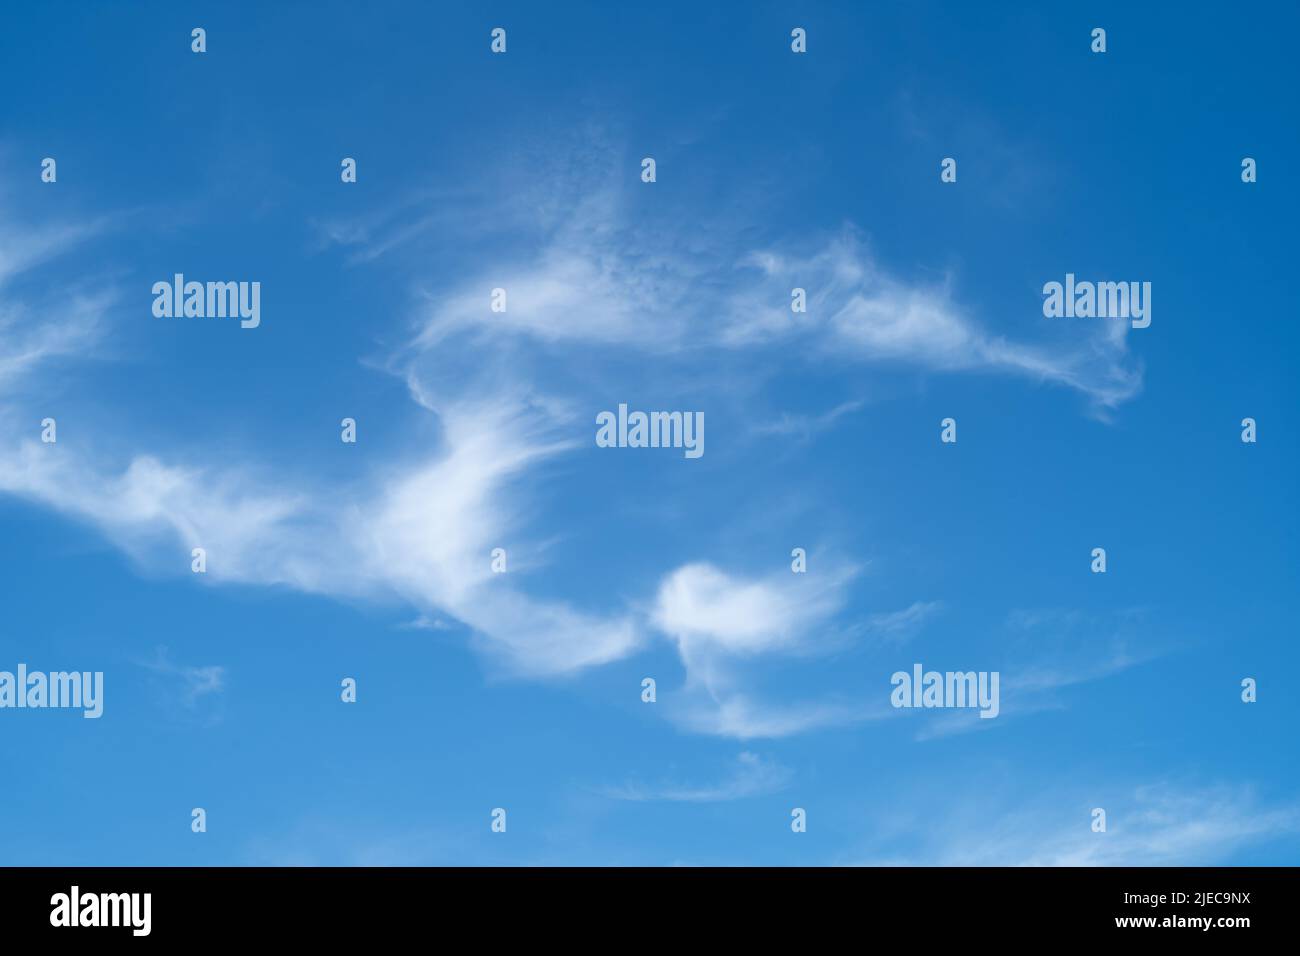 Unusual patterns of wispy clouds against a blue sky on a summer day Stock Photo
§ §
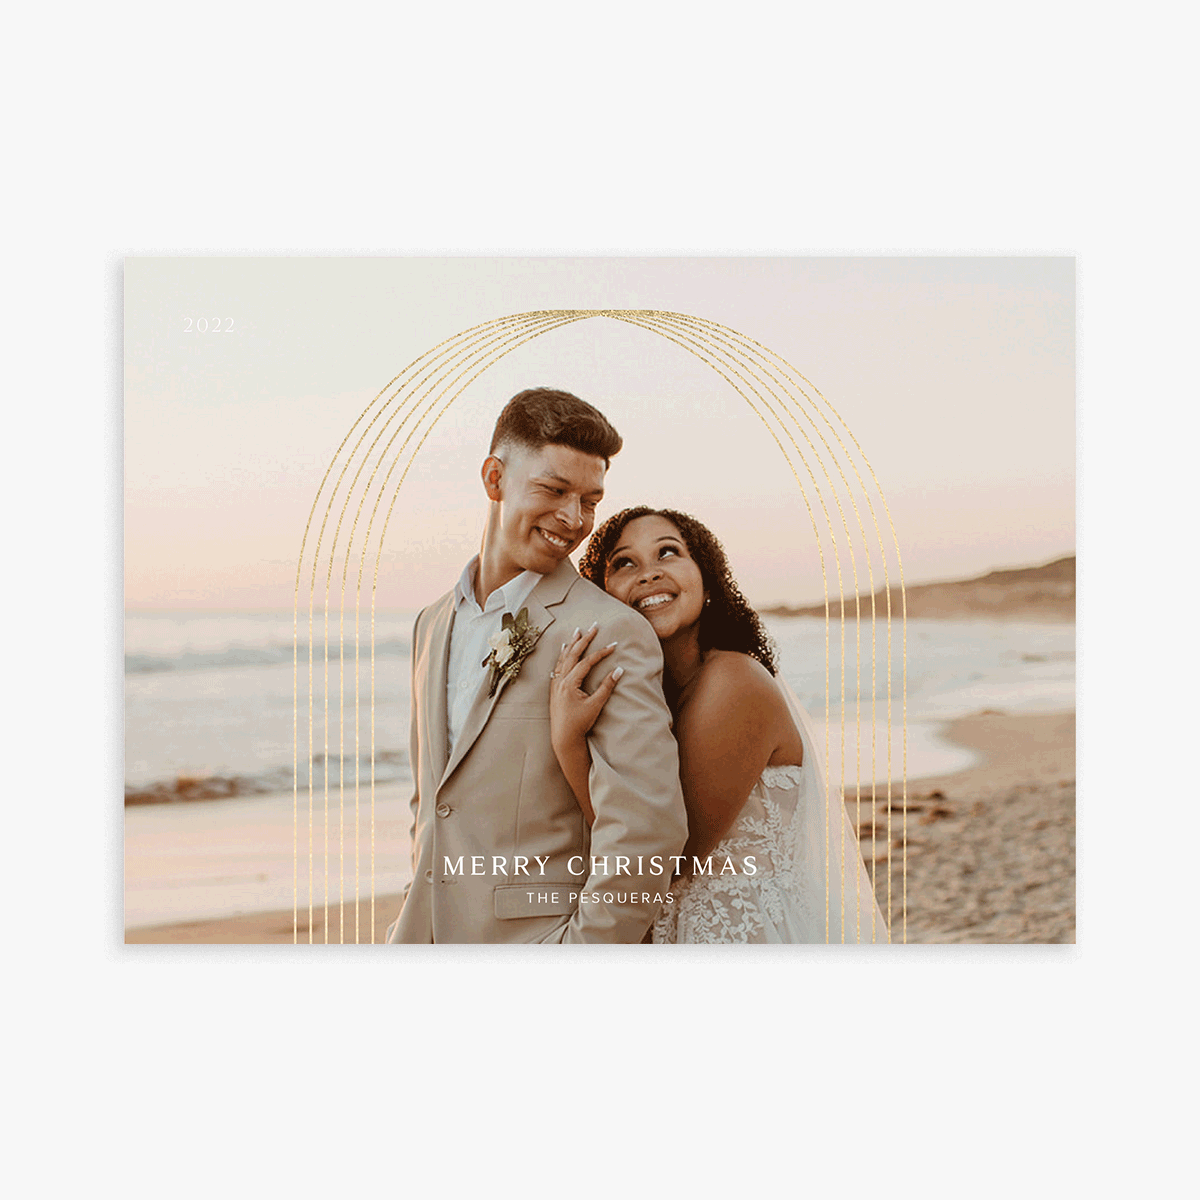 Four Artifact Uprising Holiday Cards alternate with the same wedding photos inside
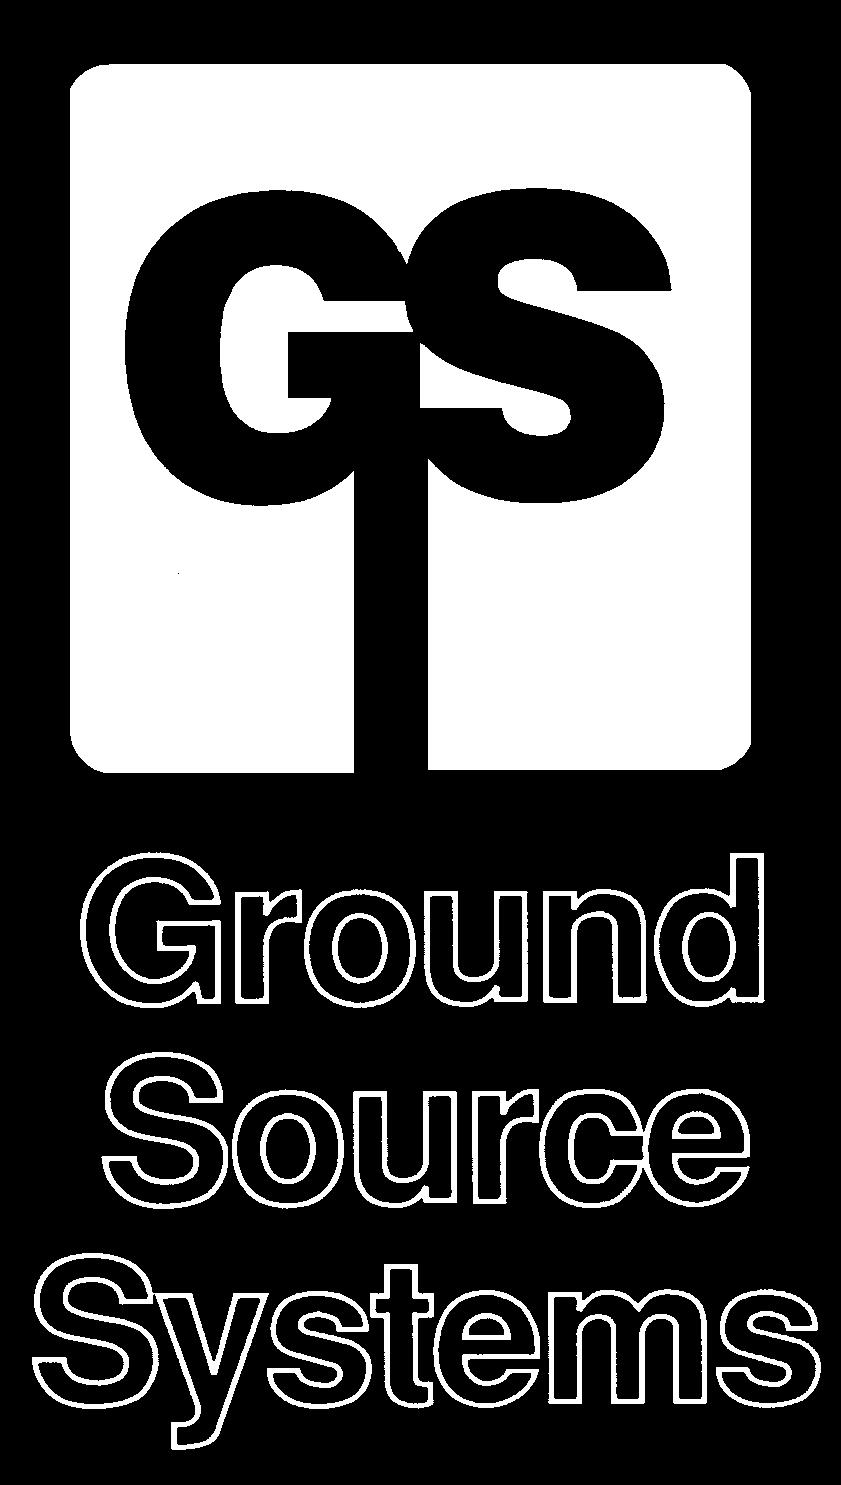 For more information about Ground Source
§ §
* _Your objective_: Only one stretch of the material above is wanted: the line containing "Four Artifact Uprising" through the line containing "For more information about Ground Source". Restate it word for word, minus the pictures.

* _Solution_:
 Four Artifact Uprising Holiday Cards alternate with the same wedding photos inside
 For more information about Ground Source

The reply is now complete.